A bunch of folks have been submitting this story of a New Jersey middle school principal sending an email to all parents telling them to ban Facebook for their kids
and to spy on all of their text messaging habits. Because, apparently, at Benjamin Franklin Middle School, "trust" is not something they want to teach. We see this sort of overreaction to new things all of the time. In the past, school administrators have needlessly freaked out about such things as comic books, dungeons and dragons, walkmen and mp3 players. If the principal, Anthony Orsini, had just sent out a note saying "talk to your kids and pay attention to what they're doing online," it would have been fine. But, instead, he went all out:
It is time for every single member of the BF Community to take a stand! There is absolutely no reason for any middle school student to be a part of a social networking site!
Let me repeat that - there is absolutely, positively no reason for any middle school student to be a part of a social networking site! None....
Actually, there are plenty of reasons why a middle school kid might be a part of a social networking site: it's called communicating with their peers. That doesn't mean parents should let their kids use them entirely freely, but a blanket ban is clear overkill by someone who apparently doesn't understand how these things work.
Please do the following: sit down with your child (and they are just children still) and tell them that they are not allowed to be a member of any social networking site. Today!
Let them know that you will at some point every week be checking their text messages online! You have the ability to do this through your cell phone provider.
Let them know that you will be installing Parental Control Software so you can tell every place they have visited online, and everything they have instant messaged or written to a friend. Don't install it behind their back, but install it!
He goes on to then urge parents to contact the police any time their child gets a message they don't like:
If your son or daughter is attacked through one of these sites or through texting - immediately go to the police! Insist that they investigate every situation. Also, contact the site and report the attack to the site - they have an obligation to suspend accounts or they are liable for what is written.
That last line, saying that the sites are liable is simply not correct, but why let facts get in the way of a good rant.

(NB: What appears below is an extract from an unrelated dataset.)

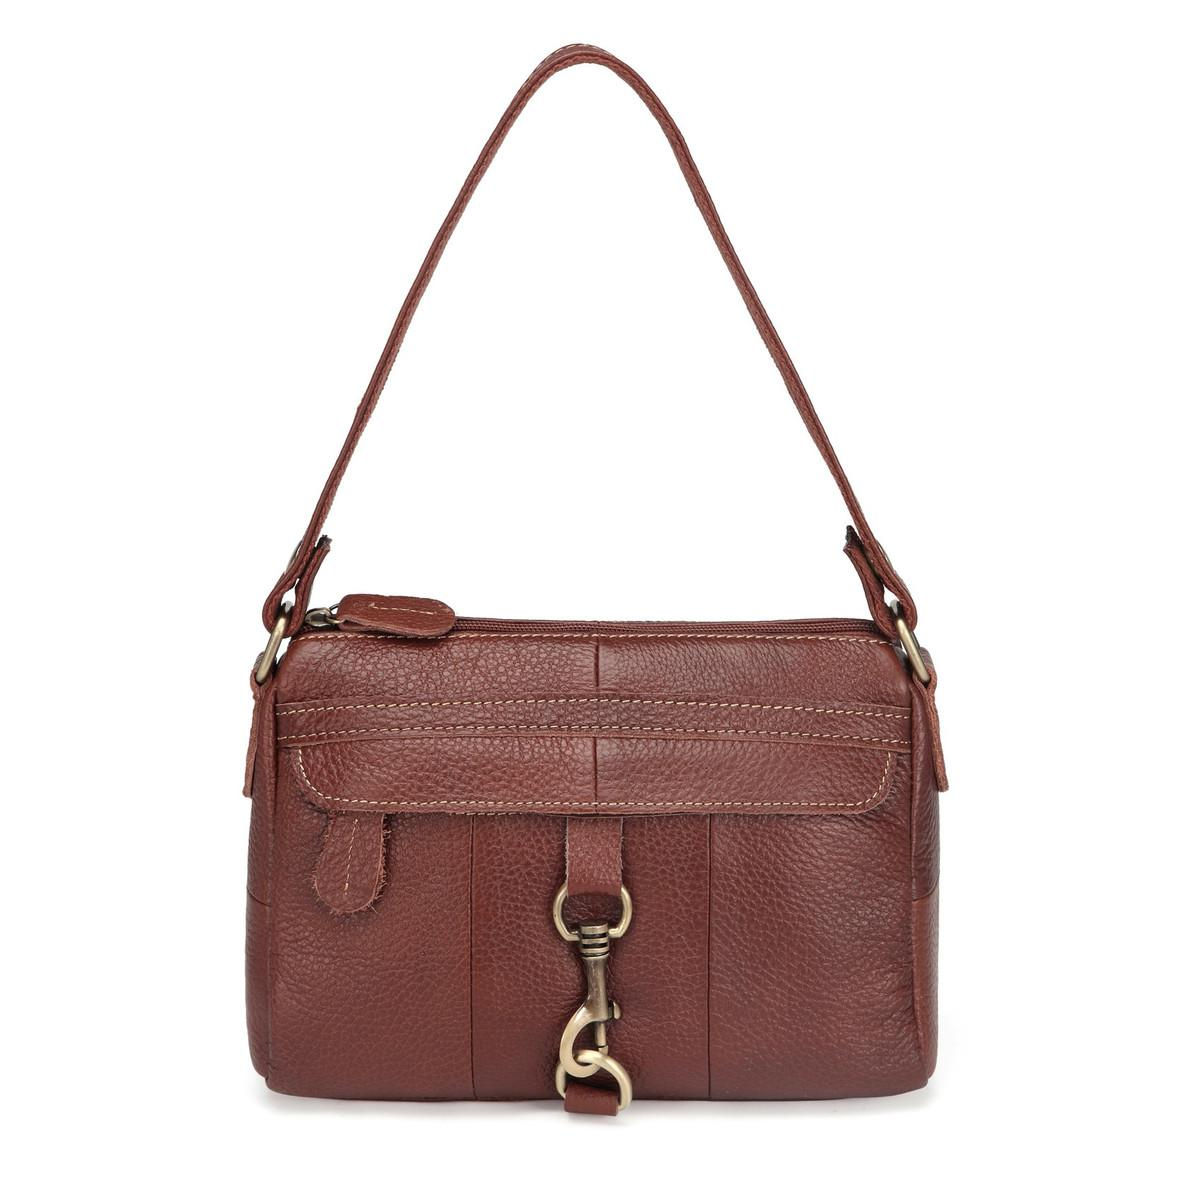 f9954b5ac4 Guaranteed 100% Cowhide Genuine Leather Women Messenger Bags Ladies  Shoulder Handbags Vintage Crossbody Bags For Girls MM2314 Wholesale  Handbags Cheap ...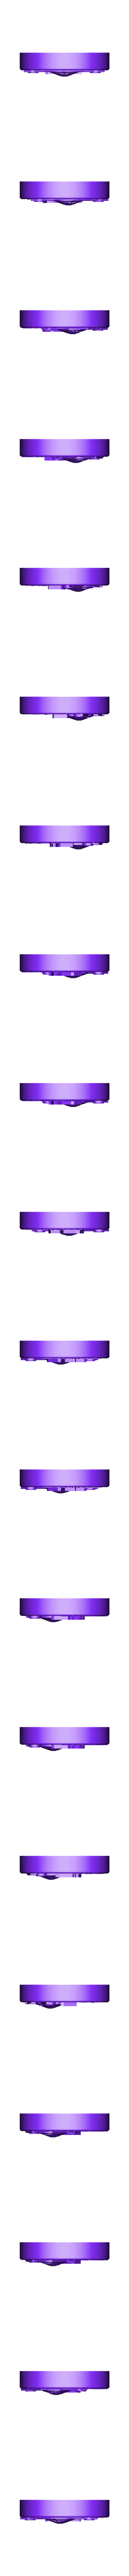 c17.stl Download free STL file C-17 Flight Token • Object to 3D print, re3D

Orsini then goes on to explain that he's absolutely positive that social networks will be found in studies to be damaging to kids:
It is not hyperbole for me to write that the pain caused by social networking sites is beyond significant - it is psychologically detrimental and we will find out it will have significant long term effects, as well as all the horrible social effects it already creates.
Of course, similar things have been written about every "new" thing that the older generation in society doesn't get -- including the waltz
("we feel it a duty to warn every parent against exposing his daughter to so fatal a contagion"), movies, videos games... and chess
("chess is a mere amusement of a very inferior character, which robs the mind of valuable time that might be devoted to nobler acquirements, while it affords no benefit whatever to the body"). I assume, we can add Orsini's quote to the other quotes about those other things soon.
Basically, it looks like Orsini has fallen prey to yet another moral panic. He claims that it doesn't make sense to teach "responsible" computing, because middle school kids can't handle it. It appears that many kids in his school disagree, and are quoted in the article saying so. Clearly, many kids will abuse social networks and the will bully others. But doing a blanket ban certainly won't work, and is just someone overreacting because he was unable to handle some kids acting poorly. It's an attempt to prevent kids from doing stuff, just so that the administrators might get a little "security" from kids being kids.
Perhaps the principal of the Benjamin Franklin Middle School, should pay attention to Ben Franklin's words:
They who can give up essential liberty to obtain a little temporary safety, deserve neither liberty nor safety.